■ **Task to complete**: All of the data should be copied exactly, with the pictures left out.

■ **Provided data**:
··········

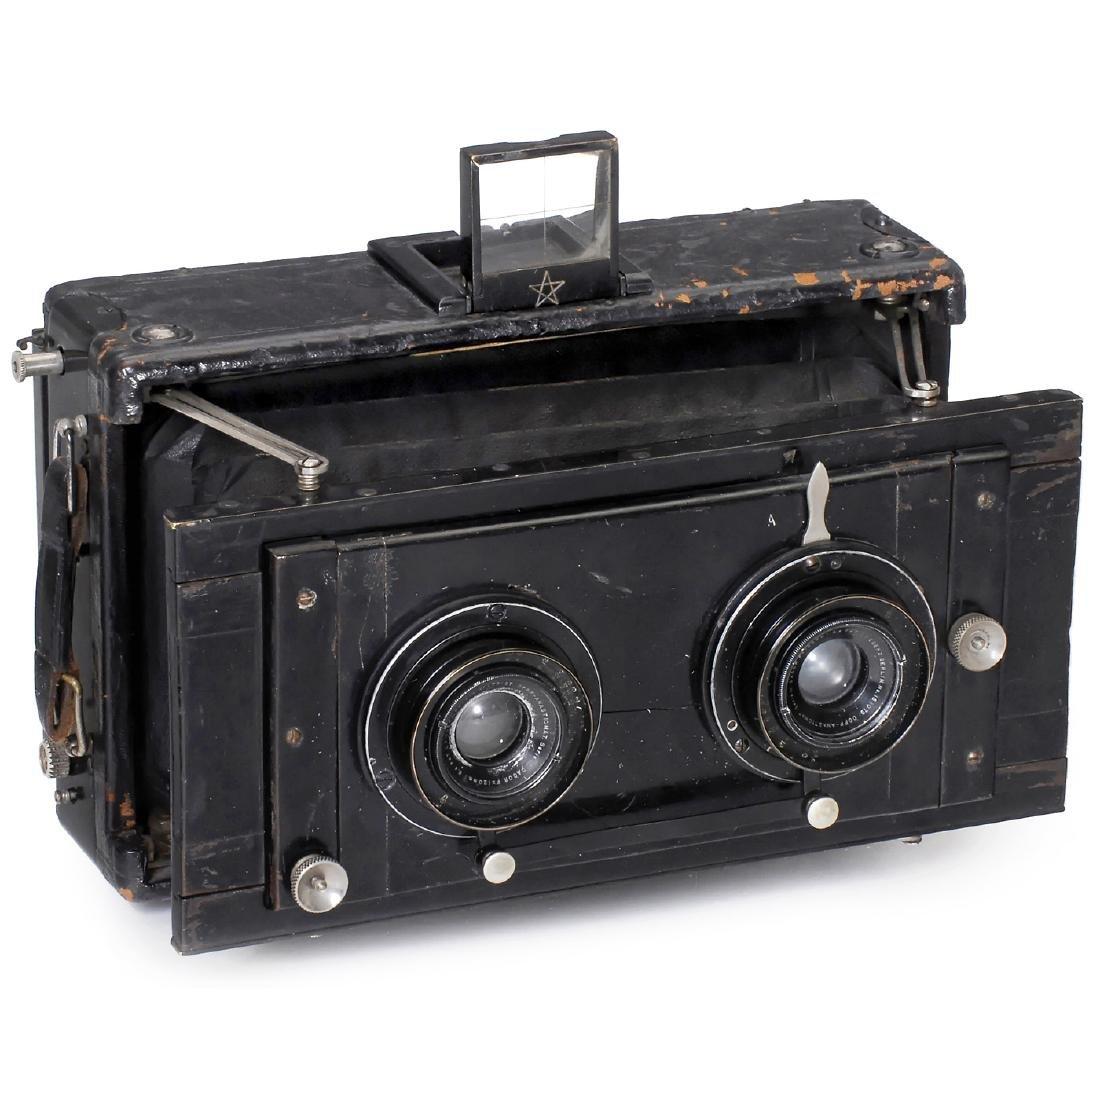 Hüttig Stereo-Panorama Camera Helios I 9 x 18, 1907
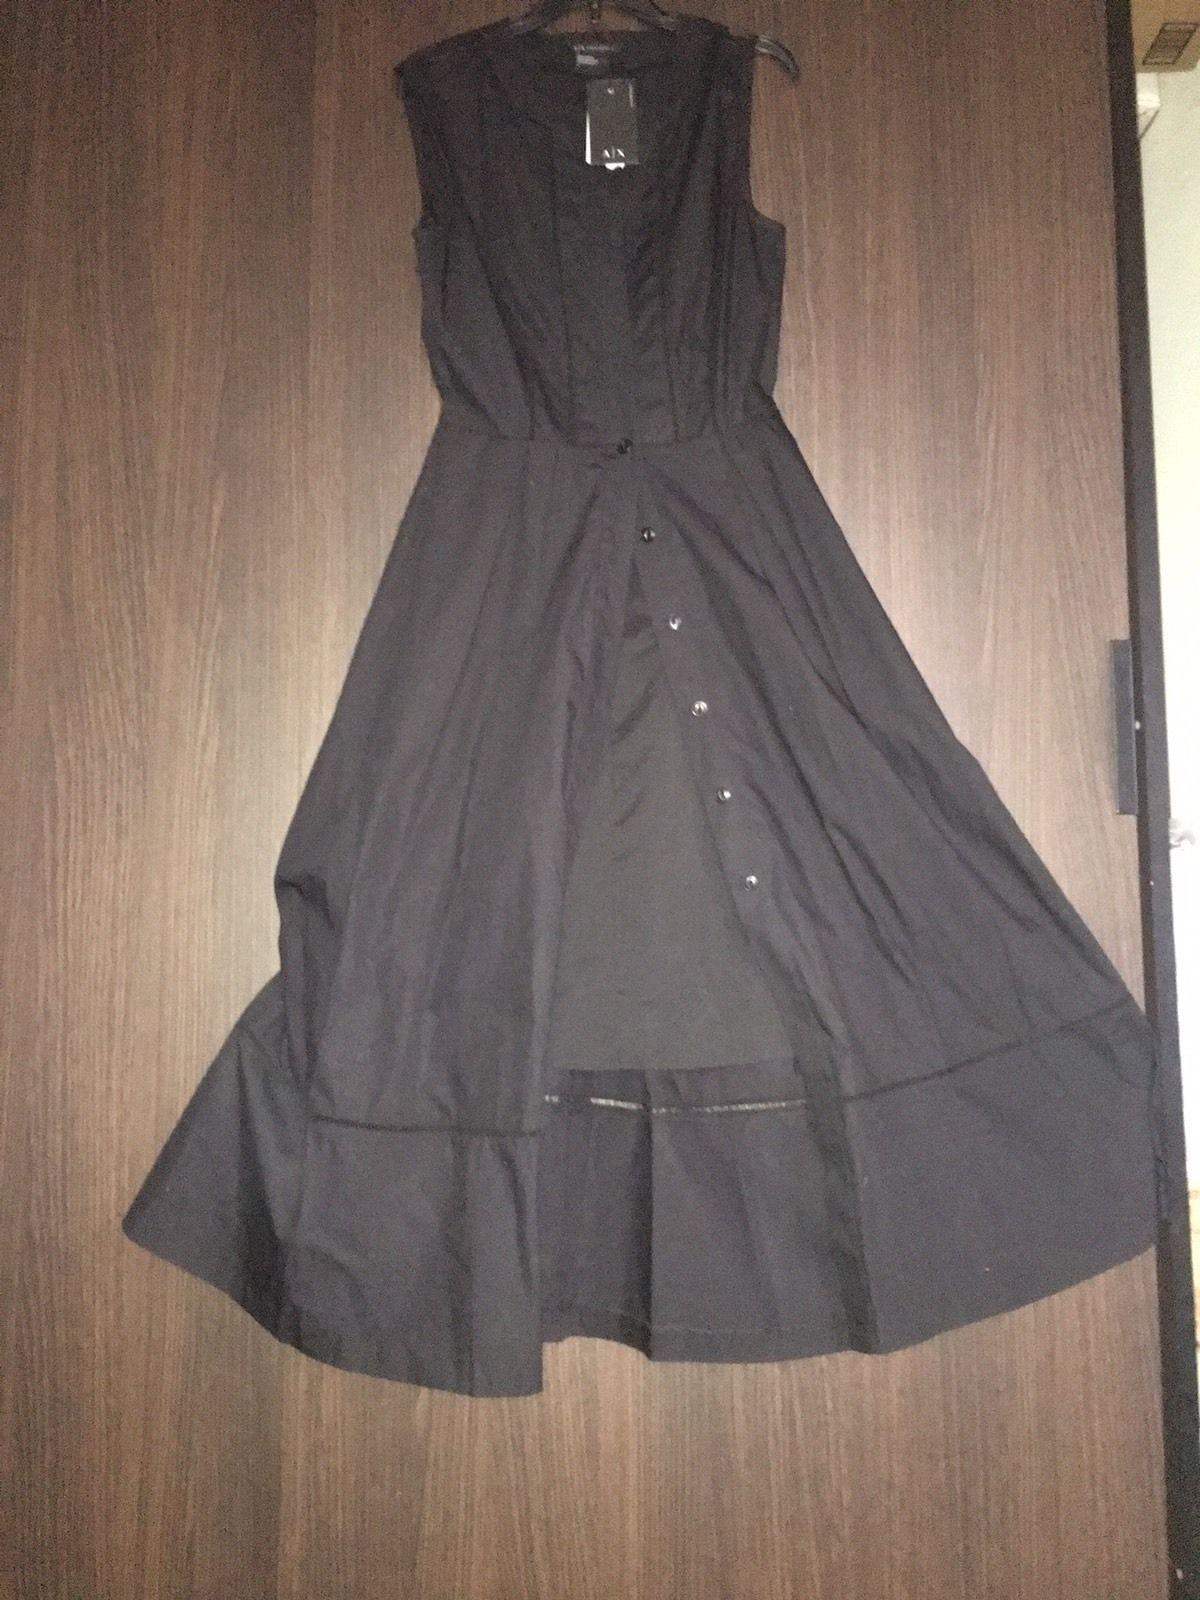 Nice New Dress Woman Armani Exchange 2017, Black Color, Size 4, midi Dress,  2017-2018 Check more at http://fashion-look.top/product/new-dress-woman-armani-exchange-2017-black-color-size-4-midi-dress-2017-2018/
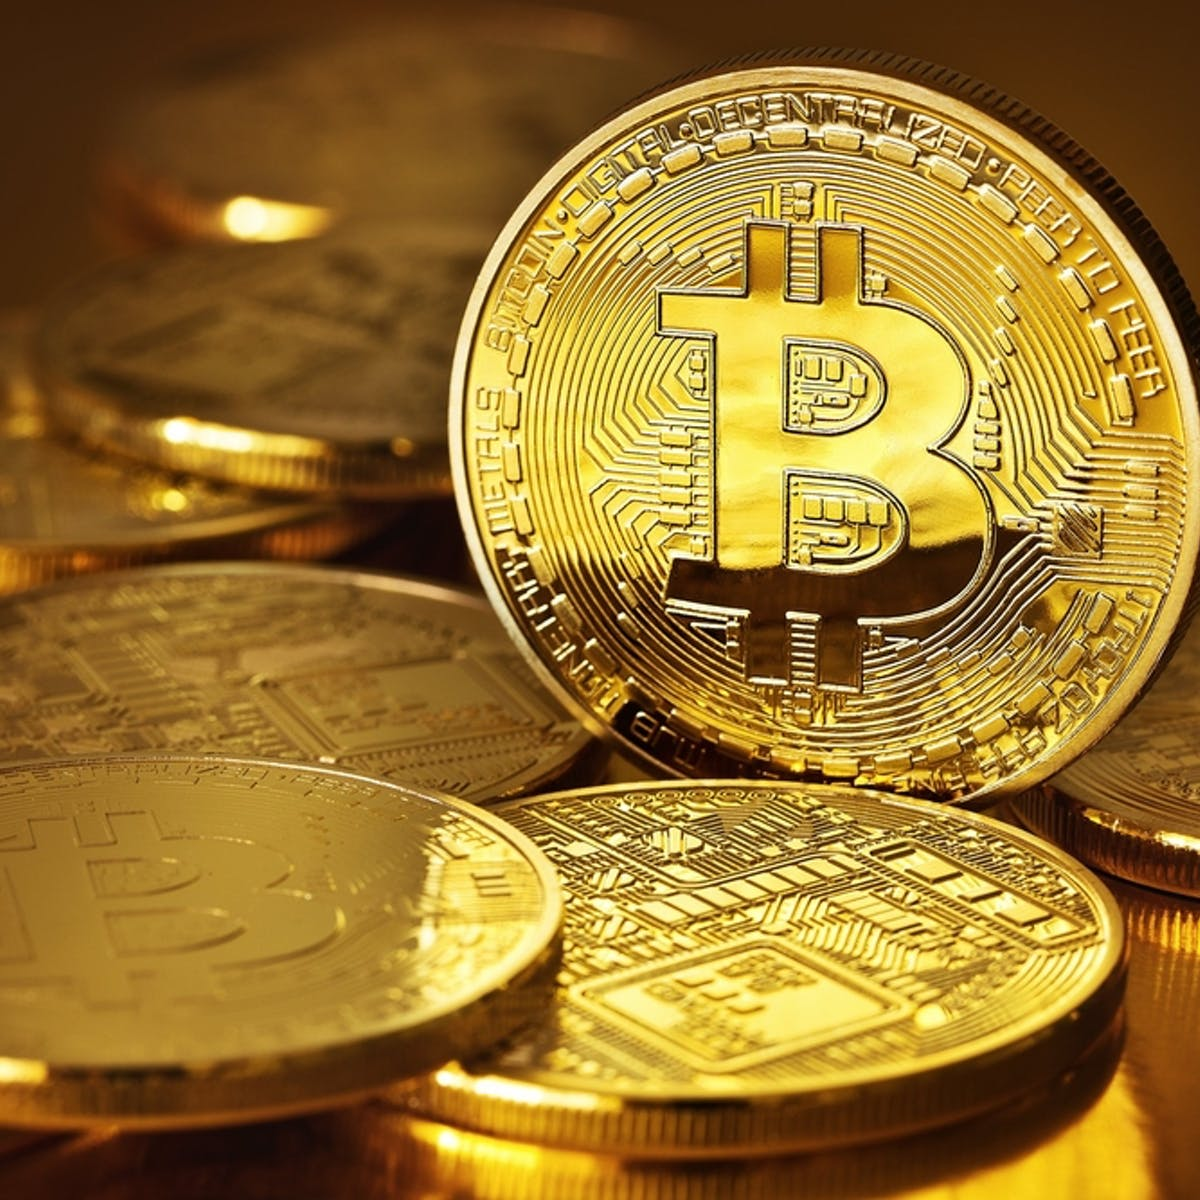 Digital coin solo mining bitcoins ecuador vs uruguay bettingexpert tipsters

··········

■ **Answer to the exercise**:
 Hüttig Stereo-Panorama Camera Helios I 9 x 18, 1907
 Nice New Dress Woman Armani Exchange 2017, Black Color, Size 4, midi Dress,  2017-2018 Check more at http://fashion-look.top/product/new-dress-woman-armani-exchange-2017-black-color-size-4-midi-dress-2017-2018/
 Digital coin solo mining bitcoins ecuador vs uruguay bettingexpert tipsters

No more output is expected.